I havent gotten there to this point, but let me see if i can help So assuming you have 16 x 16 patches , and an embedding dimension of 1536 for each patch, your shape will be out = [256,1536].

Then do PCA

with resulting matrix if 1536x1536 which forms a basis for our embedding dimension. then sort the eigenvectors by eigenvalue, get a decomposition of your original 256x1536 embedding vector in terms of this basis,

Then this is where you have to figure out which components you want to keep and threshold, you could try: remove the basis vector with the highest eigenvalue and take the next 3 basis vectors with the highest eigenvalue as your RGB channels.
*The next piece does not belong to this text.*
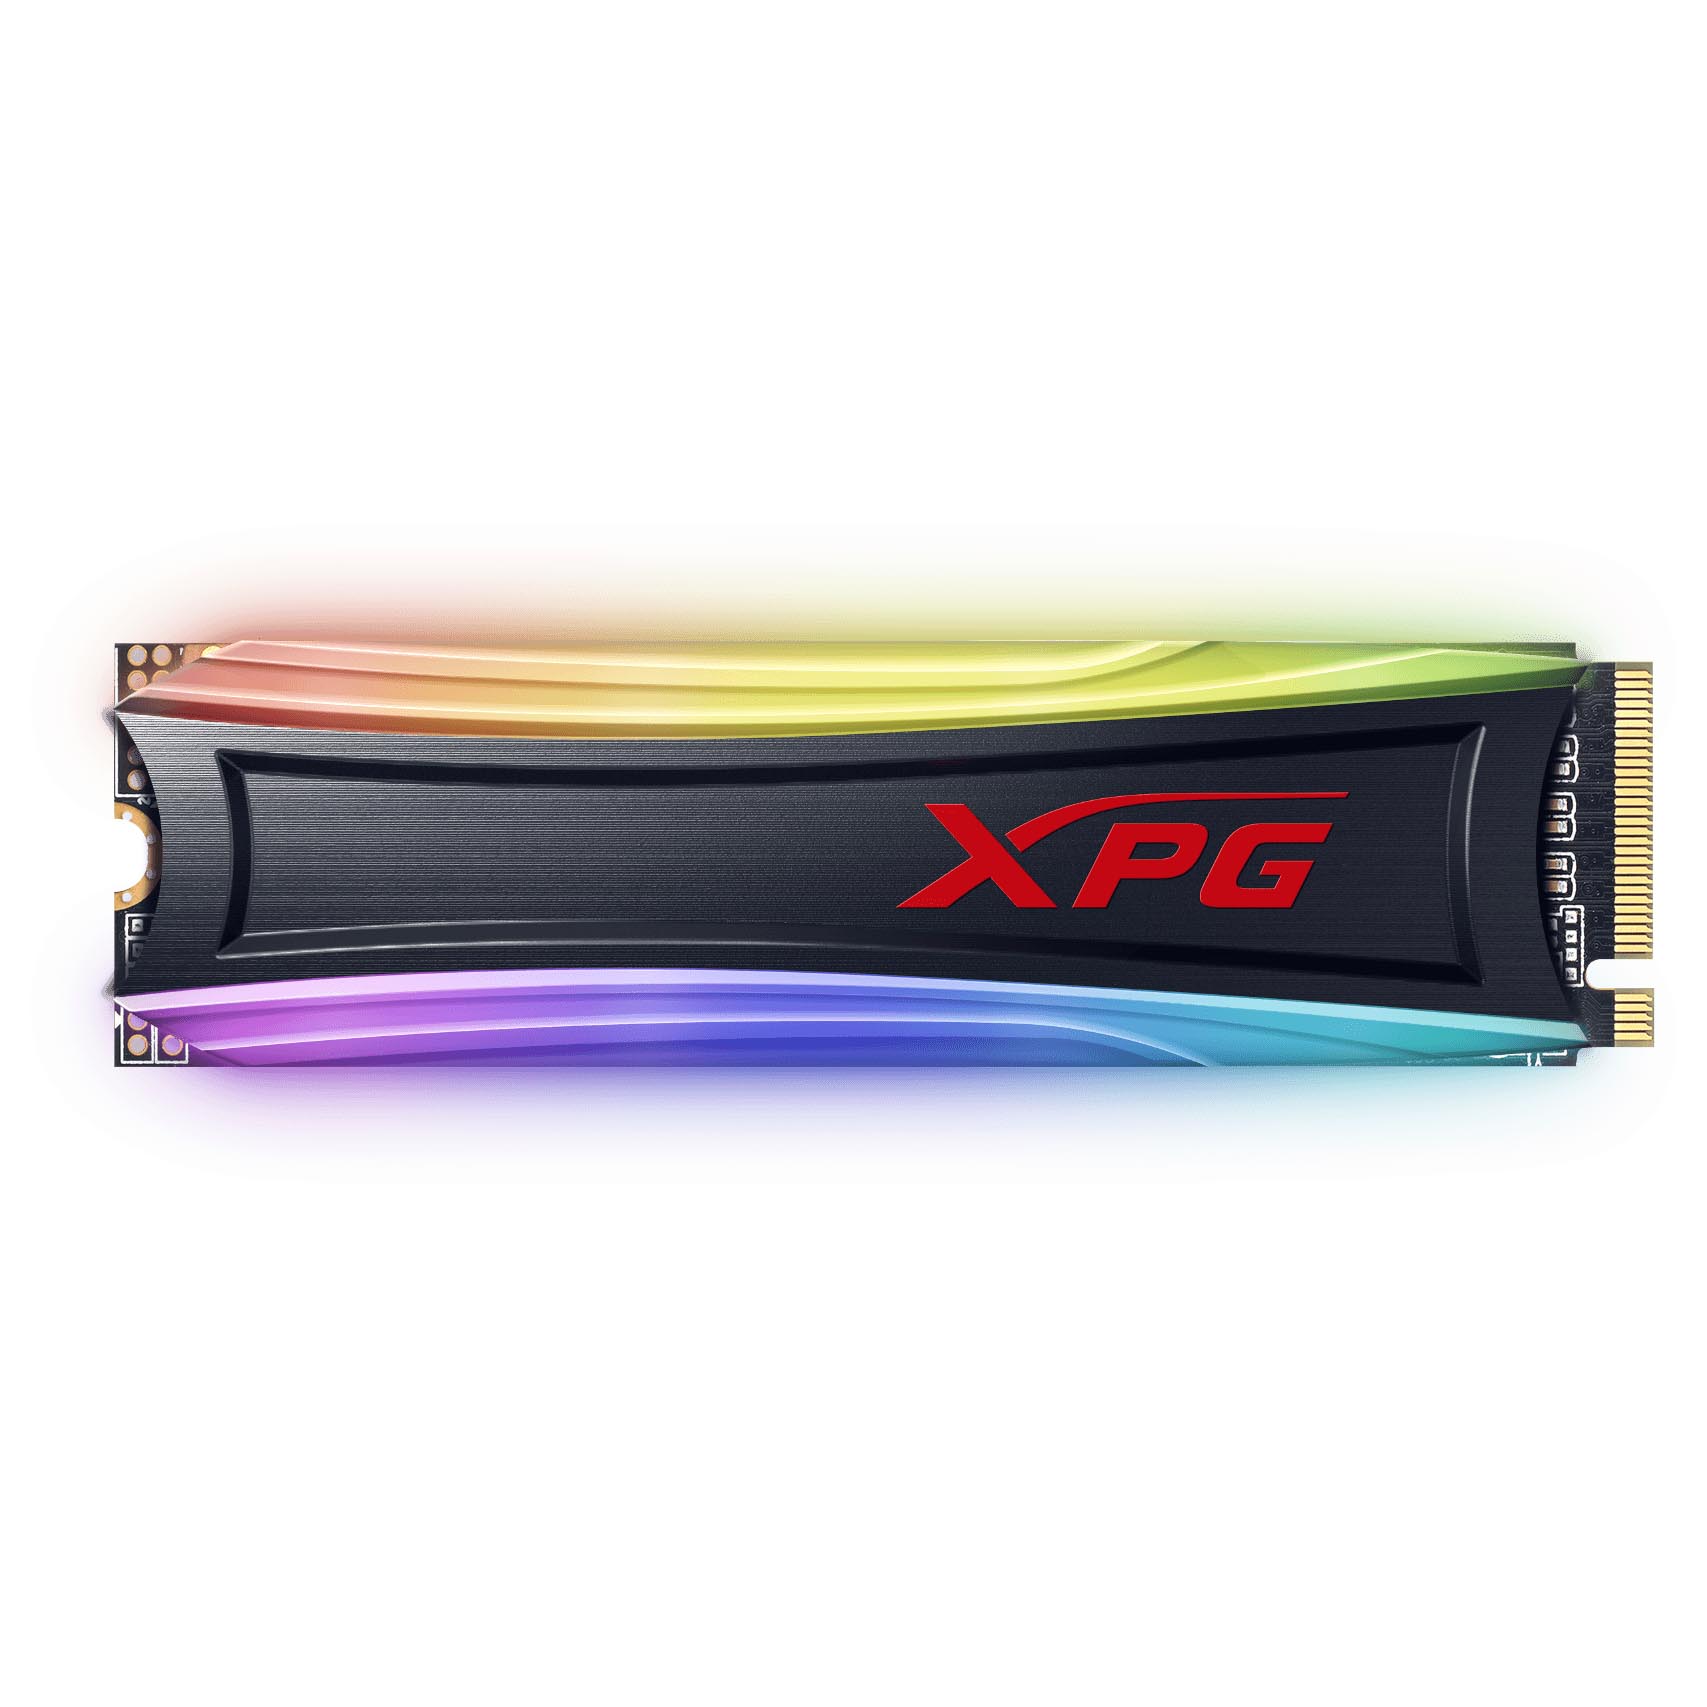 Внутренний твердотельный накопитель Adata XPG Spectrix S40G RGB, AS40G-256GT-C, 256Гб, М.2 2280 твердотельный накопитель a data xpg spectrix s40g rgb 1tb as40g 1tt c

You then have an RGB color for each of your patches and you interpolate?

Ill be able to be of more help once i get to that myself

so what is the "second PCA" refered by paper.
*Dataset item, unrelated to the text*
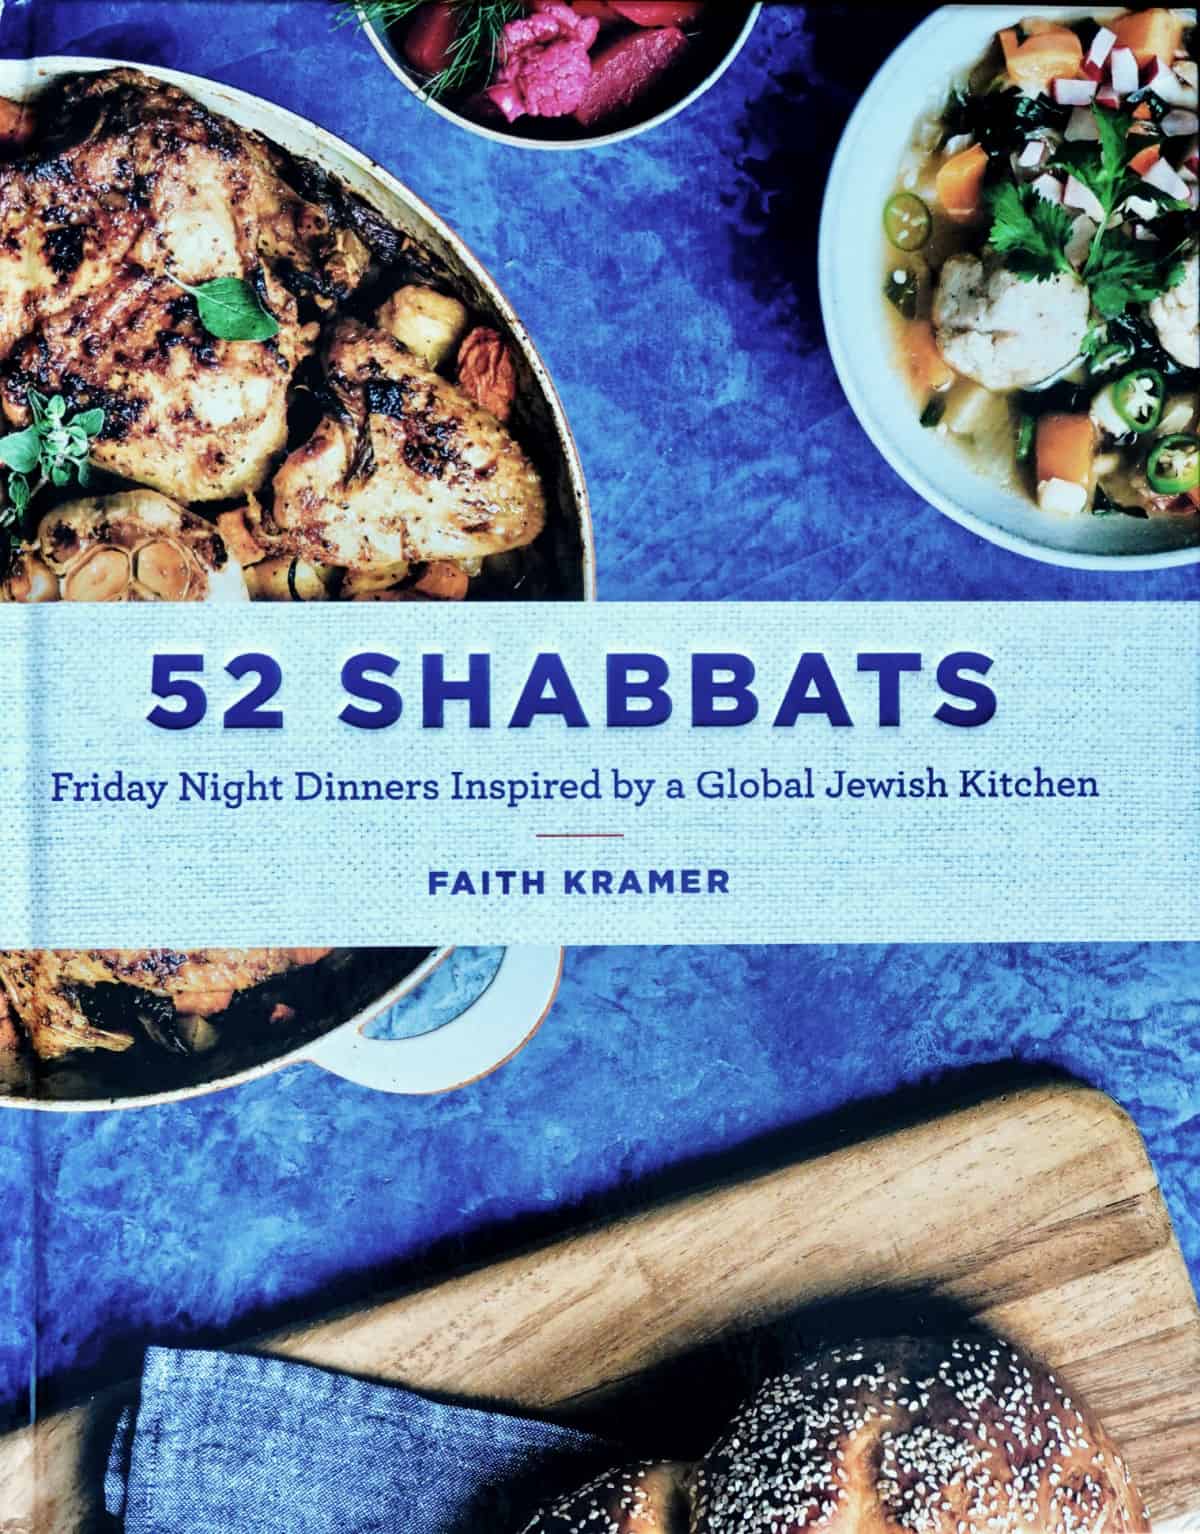 52 Shabbats book cover.

shoutOutYangJie commented 1 year ago

With the thresholded first component, you would be able to tell the foregroud from the background (in black). Then you would get the colors with the first three components. That is what I understand. Not tested by myself.

Paper

wow, How do you get this result?

shoutOutYangJie commented 1 year ago

I followed the description from the paper and tested the example elephant images from the paper. The following code can segment out the foreground. It is kinda able to learn features similar to Fig. 1 from the paper, but not exactly. Feel free to play around with it! I am looking forward to more discussion!

import torch
import torch.nn.functional as F
import torchvision.transforms as T
import os
import cv2
import matplotlib.pyplot as plt
import numpy as np
from PIL import Image

patch_h = 40
patch_w = 40
# feat_dim = 384 # vits14
# feat_dim = 768 # vitb14
# feat_dim = 1024 # vitl14
feat_dim = 1536 # vitg14

transform = T.Compose([
    T.GaussianBlur(9, sigma=(0.1, 2.0)),
    T.Resize((patch_h * 14, patch_w * 14)),
    T.CenterCrop((patch_h * 14, patch_w * 14)),
    T.ToTensor(),
    T.Normalize(mean=(0.485, 0.456, 0.406), std=(0.229, 0.224, 0.225)),
])

# dinov2_vits14 = torch.hub.load('facebookresearch/dinov2', 'dinov2_vits14')
# dinov2_vitb14 = torch.hub.load('facebookresearch/dinov2', 'dinov2_vitb14')
# dinov2_vitl14 = torch.hub.load('facebookresearch/dinov2', 'dinov2_vitl14')
dinov2_vitg14 = torch.hub.load('facebookresearch/dinov2', 'dinov2_vitg14')

print(dinov2_vitg14)

# extract features
features = torch.zeros(4, patch_h * patch_w, feat_dim)
imgs_tensor = torch.zeros(4, 3, patch_h * 14, patch_w * 14)
for i in range(4):
    img_path = f'dino_test_imgs/elephant_{i+1}.png'
    img = Image.open(img_path).convert('RGB')
    imgs_tensor[i] = transform(img)[:3]
with torch.no_grad():
    features_dict = dinov2_vitg14.forward_features(imgs_tensor)
    features = features_dict['x_norm_patchtokens']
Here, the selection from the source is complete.